Moments later, Mona comes charging back into my room with her arms full of Troll dolls.
“What are you doing?” I whisper-shout to her.
“I don’t know where to put them all.” There’s a terrified look on her face.
“Well, not in here!”
“Help me,” she pleads, holding out the dolls.
I let out a frustrated groan. “Fine. Here, stick ‘em in here.” I pull open my desk drawer, just as I hear footsteps hitting the bottom of the stairs.
“They won’t all fit,” she quietly cries. She’s still holding five dolls.
“Stick ‘em in your pockets then.”
She desperately shoves three into her shorts pockets and then holds out the other two to me.
“You’ve got to be kidding me!” I sigh and grab the last two Trolls and shove them into my jean shorts pockets, just as Dad and the boy reach the top of the steps.
Mona and I stand side by side, our backsides resting against my desk, as we listen to the muffled thumps of boots hitting the floorboards. With each thump, they’re getting closer and closer. And by the time the footsteps come to a halt, I don’t think either of us is breathing.
“Hey, girls,” Dad says, peering into my room.
Mona’s shoulder is touching mine, and I know we’re far too close to look natural. No one stands this close to someone in a room with only two people in it. We look like weirdos.
“Hi,” I say, clearly out of breath.
Dad gives me a funny look but then turns to the boy standing behind him. “This is Everton. He’s staying with us for the summer.”

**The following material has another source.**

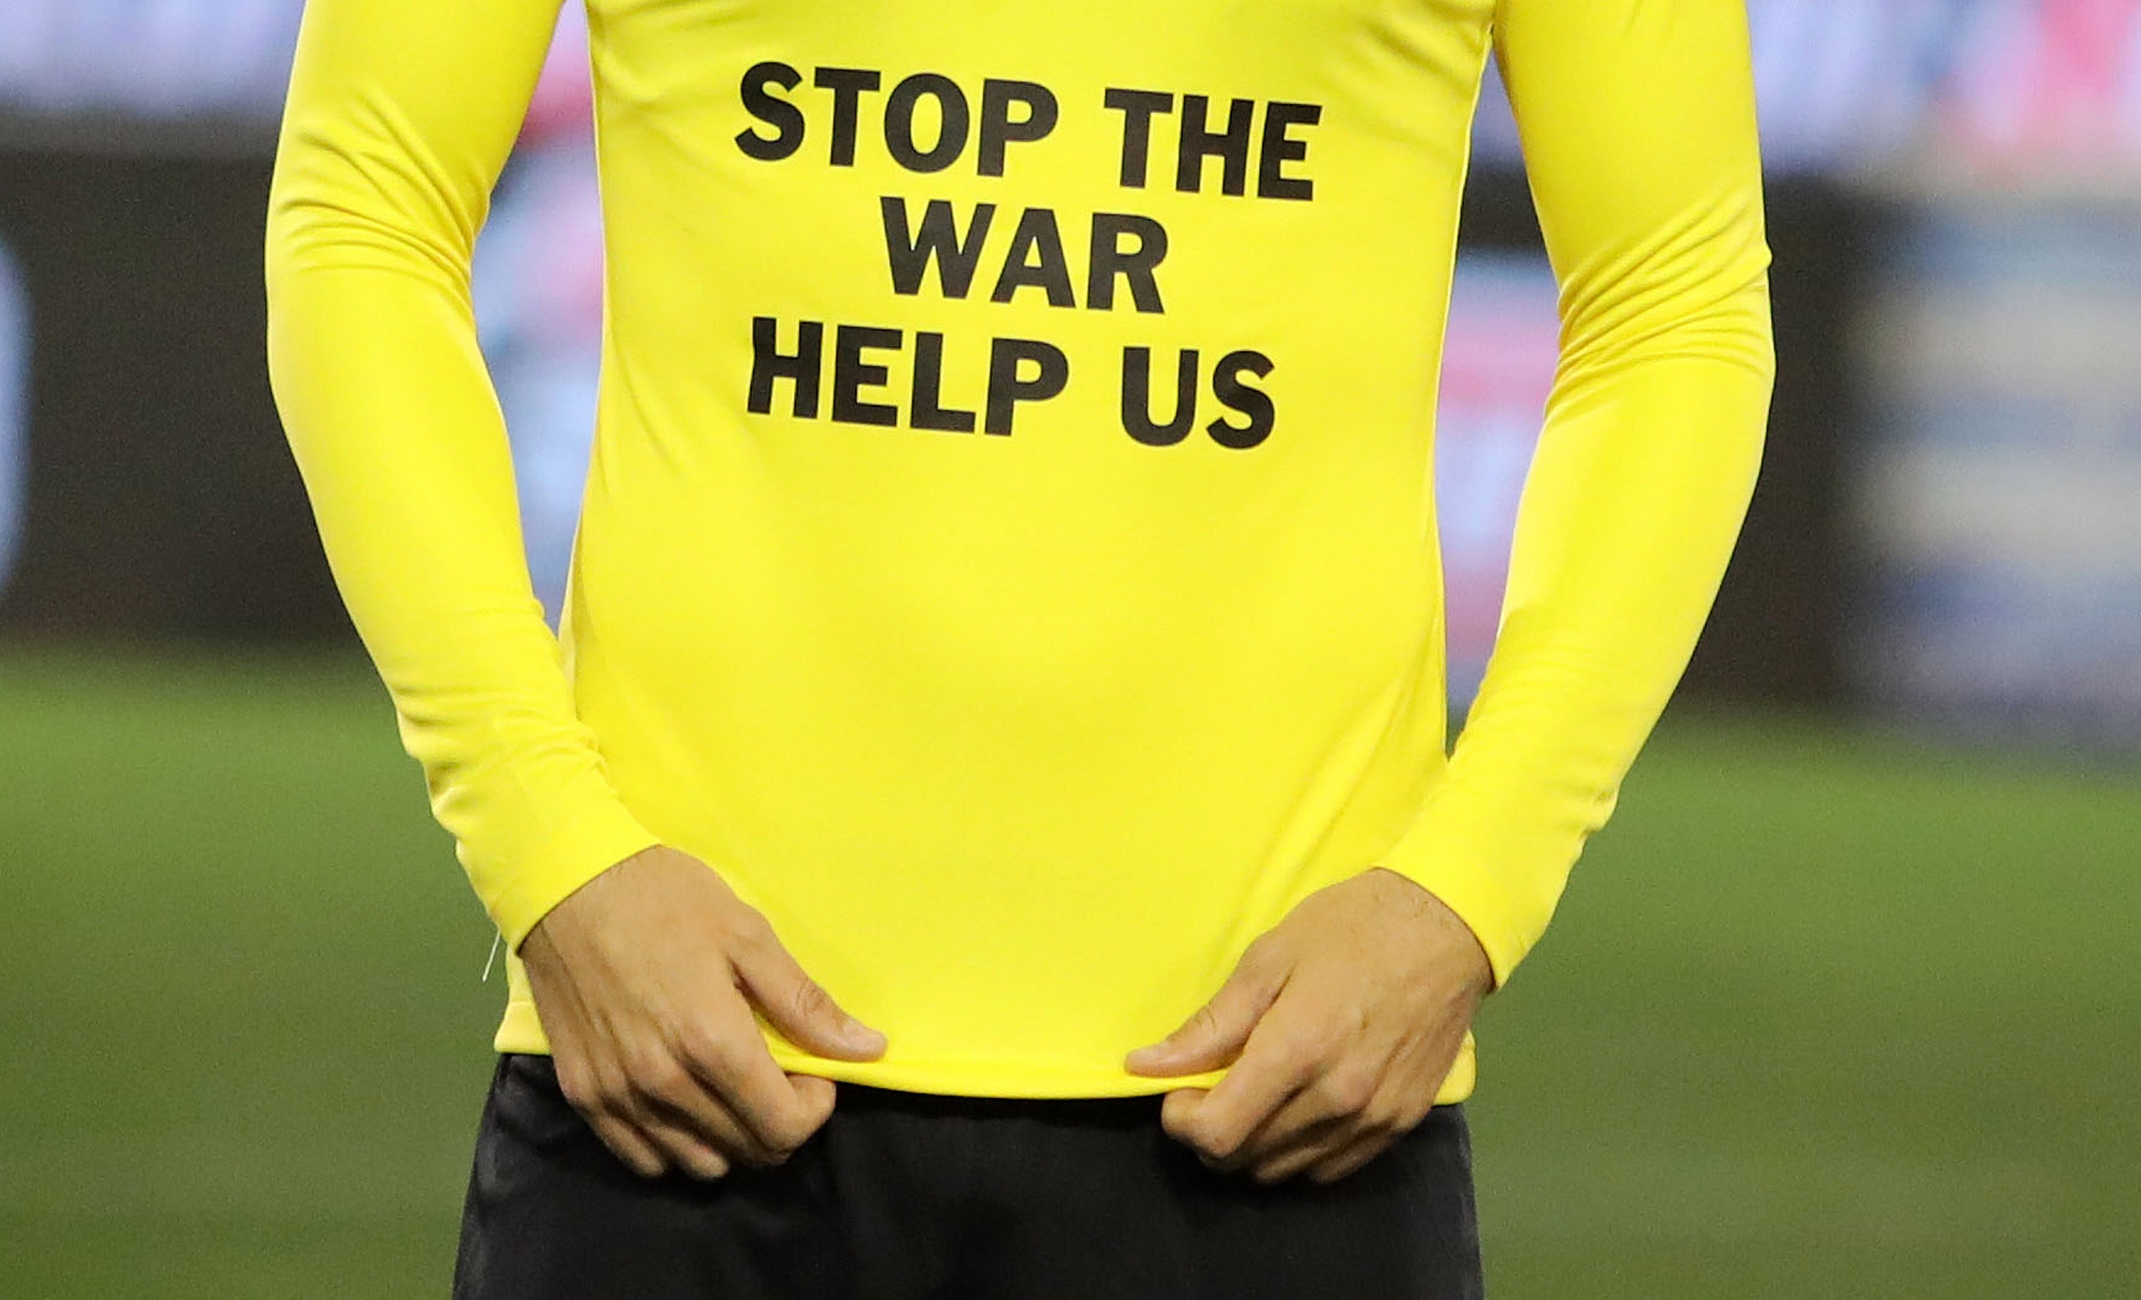 Εισβολή στην Ουκρανία: Τούρκος ποδοσφαιριστής αρνήθηκε να φορέσει μπλούζα με μήνυμα «όχι στον πόλεμο»

“The summer?” Mona whispers.
I elbow her, and she dramatically stiffens.
“Hey,” I say. I try to sound like someone who doesn’t have two Trolls in her pockets.
“Yeah, hey,” Mona echoes.
“Hi,” the boy says, giving us both a once-over before ultimately lowering his head and clearly smiling, as if something is funny.
That moment is followed by a moment where we all just look at each other, after which I just want to dissolve into the floorboards.
“Okay, then,” Dad says, finally turning and continuing on his way to the spare room.
They’re gone, but Mona and I are still just staring, motionless, at the open door. Seconds go by like that, until I hear Dad talking to the boy in the next room.
Slowly, I tiptoe to my door and close it as quietly as humanly possible. I cringe as the hinges scream back to life.
With the door shut and my back against it, I close my eyes and let go of a long-held breath.
“He’s staying here,” Mona whispers.
I open my eyes to her, and the first thing I see is pink and yellow hair flowing out of her pockets. I panic and look down at my own pockets. Sure enough, I’ve got not only purple and blue hair but also a Troll doll head sticking out of each pocket.